It is important to remind the House that organisations such as the Irish Society for the Prevention of Cruelty to Children and Barnardos have been supporting the calls for the referendum to be arranged. In recent years many reports have called for this constitutional protection to be put in place. It is incumbent on all of us to encourage strong and vibrant debate and explain the four key areas covered in this proposal - protecting children, supporting families, removing the inequalities in the current adoption regime and truly recognising children in their own right for the first time. The last of these four areas is perhaps the most important because there is a need to take the constitutionally protected views of children into account. It is of paramount importance that we provide for this in the Constitution.

I again compliment the Minister. I encourage those of us who can influence people on the ground to talk to them in order that it cannot be said on 10 November next that the public is uninformed. It is part of our job as elected representatives to meet people and give them the information they want. I will certainly be doing this.
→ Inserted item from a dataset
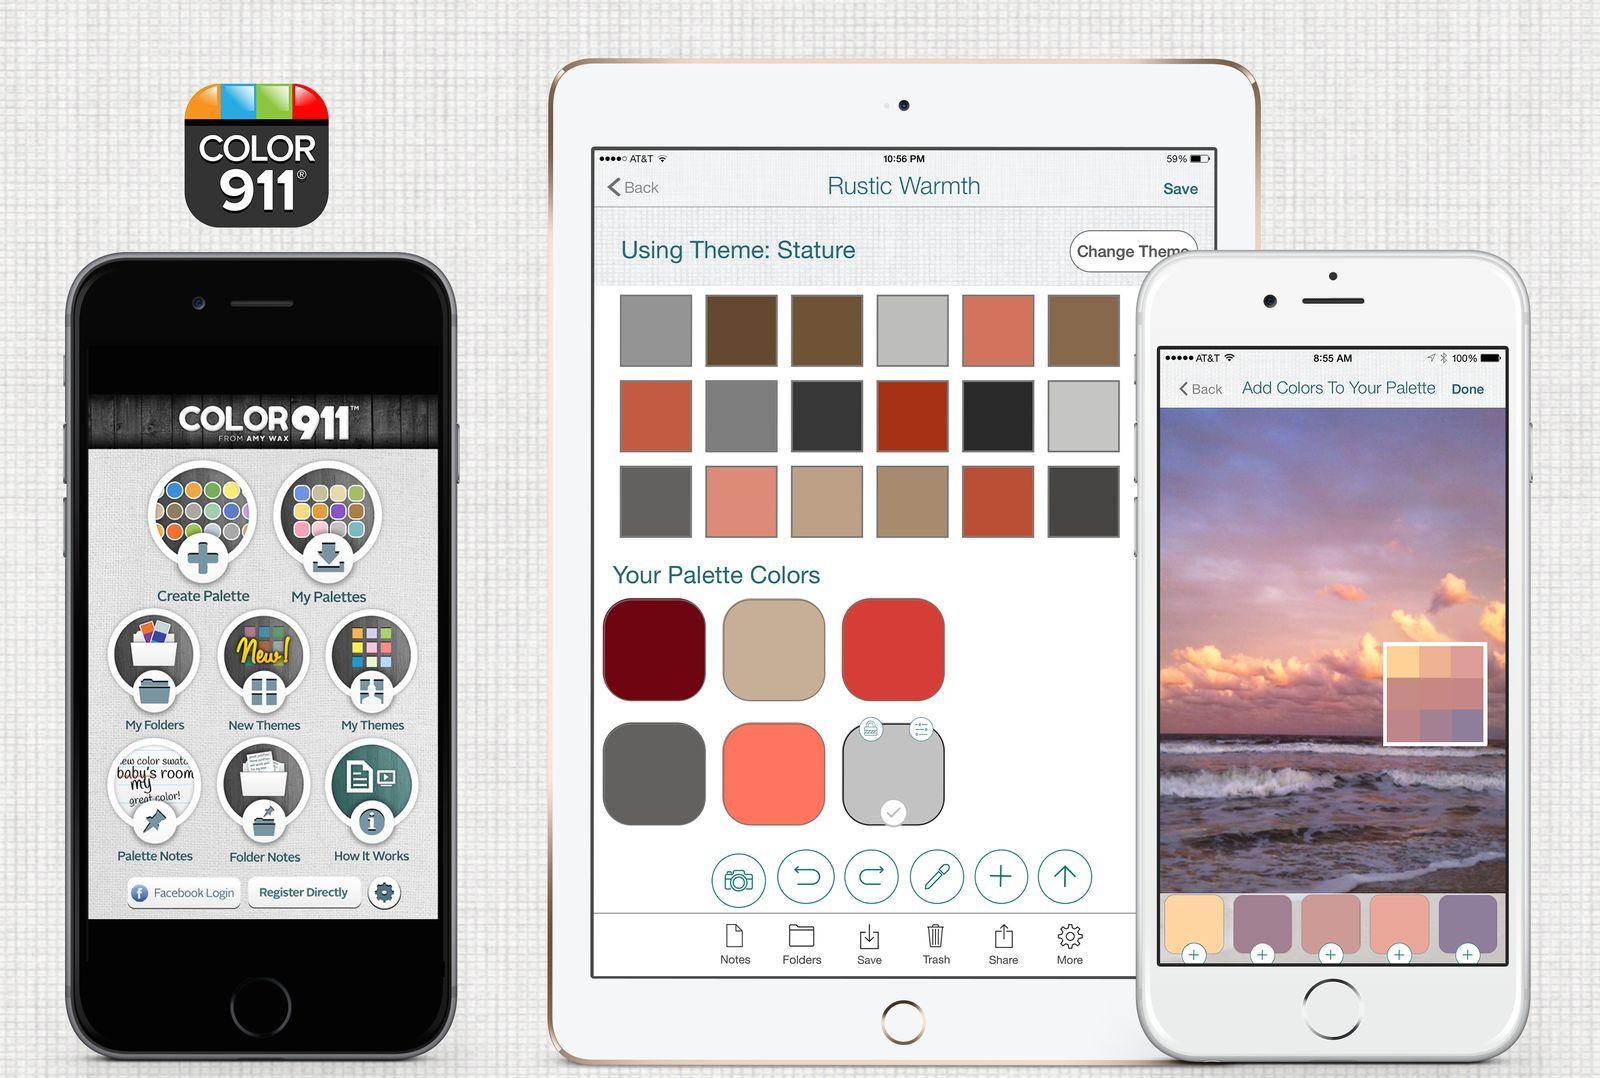 These Interior Design Apps Will Revolutionize Your Next

I compliment the Minister for Children and Youth Affairs, Deputy Frances Fitzgerald, on introducing the proposed amendment to the Constitution which will protect children, support families and ensure all children are treated equally. The amendment represents a large amount of work. I know the Minister and her staff have worked extremely hard and consulted widely to produce a carefully worded change to the Constitution. Their hard work has paid off, as there appears to be broad agreement for the proposed amendment. Almost 20 years have passed since the retired Mrs. Justice Catherine McGuinness first called for constitutional change of this nature. That request was made on foot of a case in which a father had persistently raped and abused his daughter over a 15-year period. Successive Governments since have discussed the issue, made promises, examined options, established committees and prepared report after report on how best to protect the rights of children under the Constitution. It finally took a Fine Gael Minister - a woman at that - to do something about the matter.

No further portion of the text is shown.